7/08/2009 05:19:00 am / The truth was spoken by Rich /

Whenever the Ashes comes around one can't help but hark back to the Douglas Jardine inspired thrashing we gave the Aussies on their own patch in 1933. A fantastic era. If I had a modified DeLorean handy Victorian/Edwardian/Georgian times would be my destination. Fantastic. When the sun never set on the Empire, urchins were put to work and beaten regularly and Europe no longer reeked of onions as the French had been put firmly in their place. And most splendid of all, the Bodyline series gave the Aussies a reminder of just who invented the game of cricket.

Oh how I long to live in an England where men still have mens' names; Douglas, Harold, George, Edward and Henry instead of Romeo, Jordan and Fabio. Inspiring brylcreamed figures who would take a cricket ball to the face and congratulate the bowler on a splendid delivery.

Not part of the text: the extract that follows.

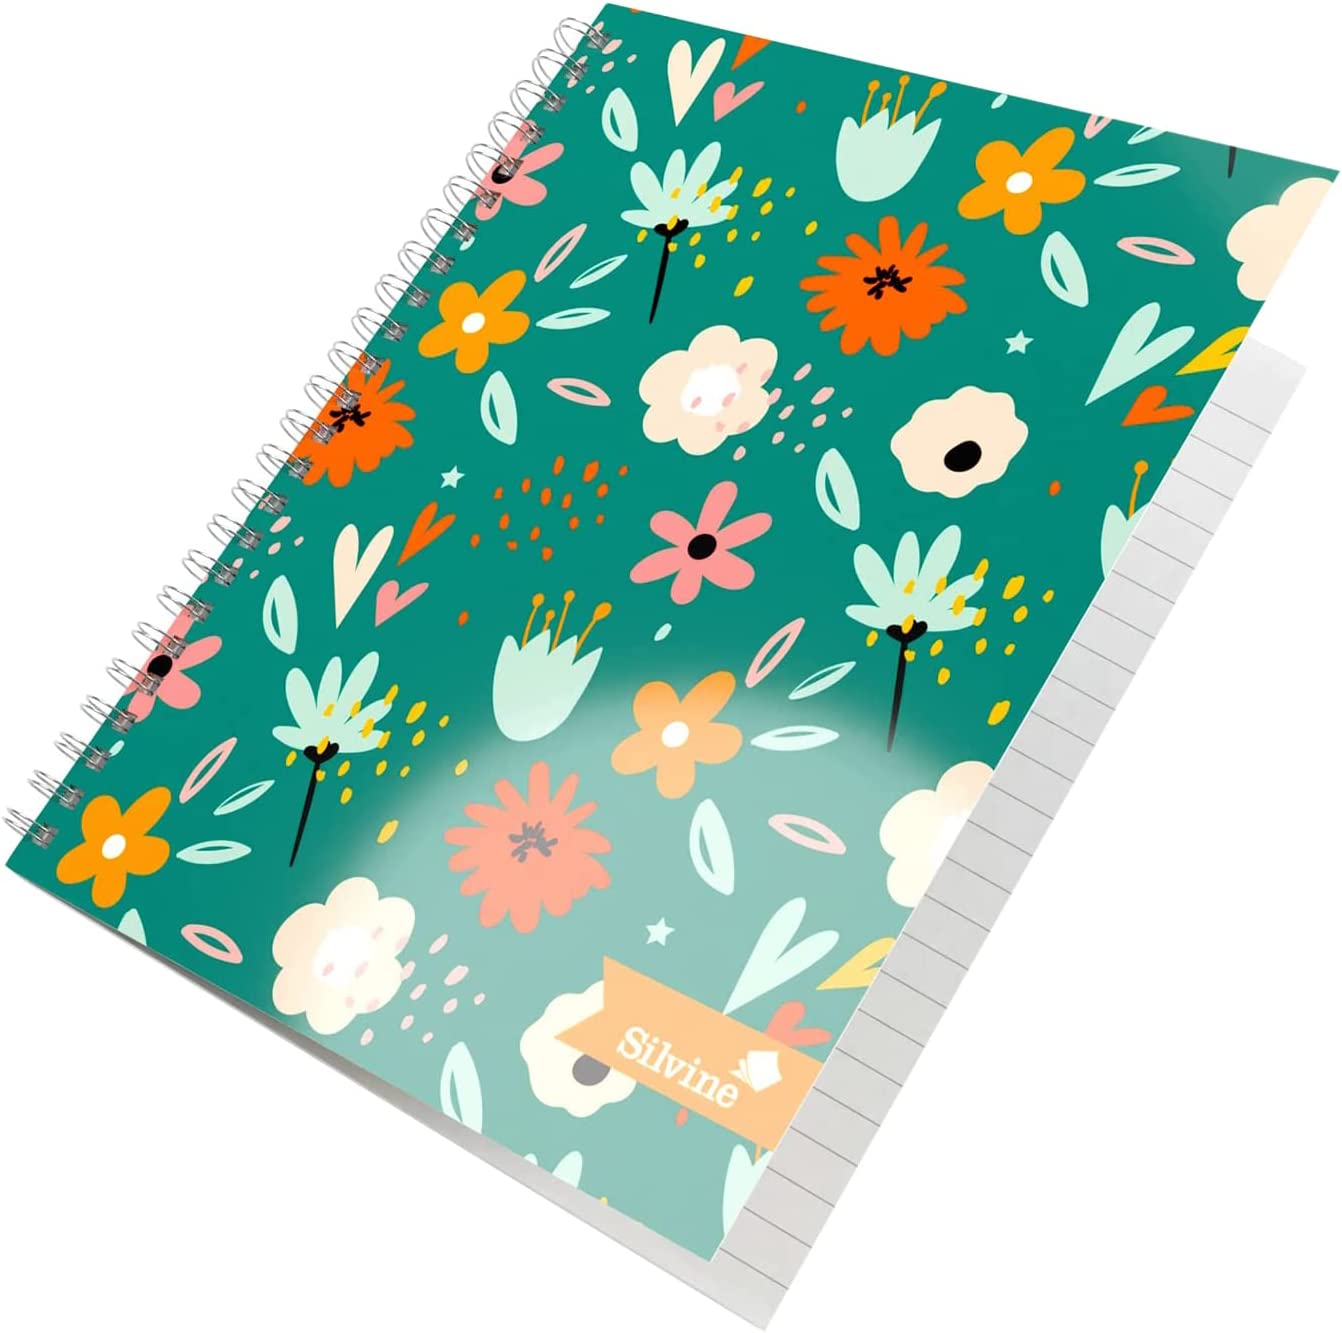 Silvine A5 Twinwire Marlene West Floral Green Notebook 160 Pages RRP 3.86 CLEARANCE XL 1.50

Not now though. I feel no such inspiration from this mongrel Ashes side we've strung together without a true Englishman amongst their number. Just a collection of rejects from the colonies who take six weeks off when they hyper-extend a tendon and get to meet the Queen if they make a half-century. No. This is just not cricket.

I'm an Aussie-phile in all honesty. I'm envious of their climate, their way of life, their cool accent and how they abbreviate everything saving them valuable seconds in conversations. When it comes to cricket and sport in general, I do like to see them lose though, but on this occasion I just can't deny there's a small part of me who wouldn't mind seeing England take a thrashing if for no other reason than to make a mockery of the ridiculous number of sports psychologists, physios and other quasi-professionals the England cricket team have surrounded themselves with. See here:

Twenty five people for a team talk, only thirteen of them are in the team

I don't know an awful lot about cricket, but I'm quite sure you don't need this many peripheral staff. With all those people needing time to have their say when do the players find the time to actually play the game? Might this be why we're so shit? Jardine's winning team had no such hangers-on, just some good old fashioned courage and his wife to hand round some sandwiches at lunch and tea.

I'm no conspiracy theorist, but might the reason our players are seemingly so physically and mentally fragile be because the fucking "physios" and head shrinkers are making shit up so they can keep their cushy jobs?

The sports psychologists are the worst cuplrits. They've already ruined Threscothicks career by making him believe he was a fruit cake. He was fine until he started having sessions with them. They drove Flintoff to drink causing him to fall over a lot and damage himself thus making more work for the physios. A calculated and ruthless double-team.

I predict our Ashes dreams to turn to dust. A fairly sound victory for the Aussies surely as we are being brought down from within by pseudo-science and I will base my wagers on this theory. Look to see the number of game theory technicians, consultants and various other gits swell after a humiliating home defeat and a brainwashed and bewildered Andrew Strauss insist that the team will take the positives from the experience and move on. Poor Jardine would be turning in his grave had he not been turned to ashes himself.

The Ashes trophy is a metaphor for the satirically observed death of cricket in an 1882 newspaper when Australia beat us at the Oval for the first time. It looks a bit tatty now so I'd like to see a couple of these sports psychologists burnt alive to mark the death of our cricket in the modern era and placed in another urn which teams with more staff than players can compete for every two years.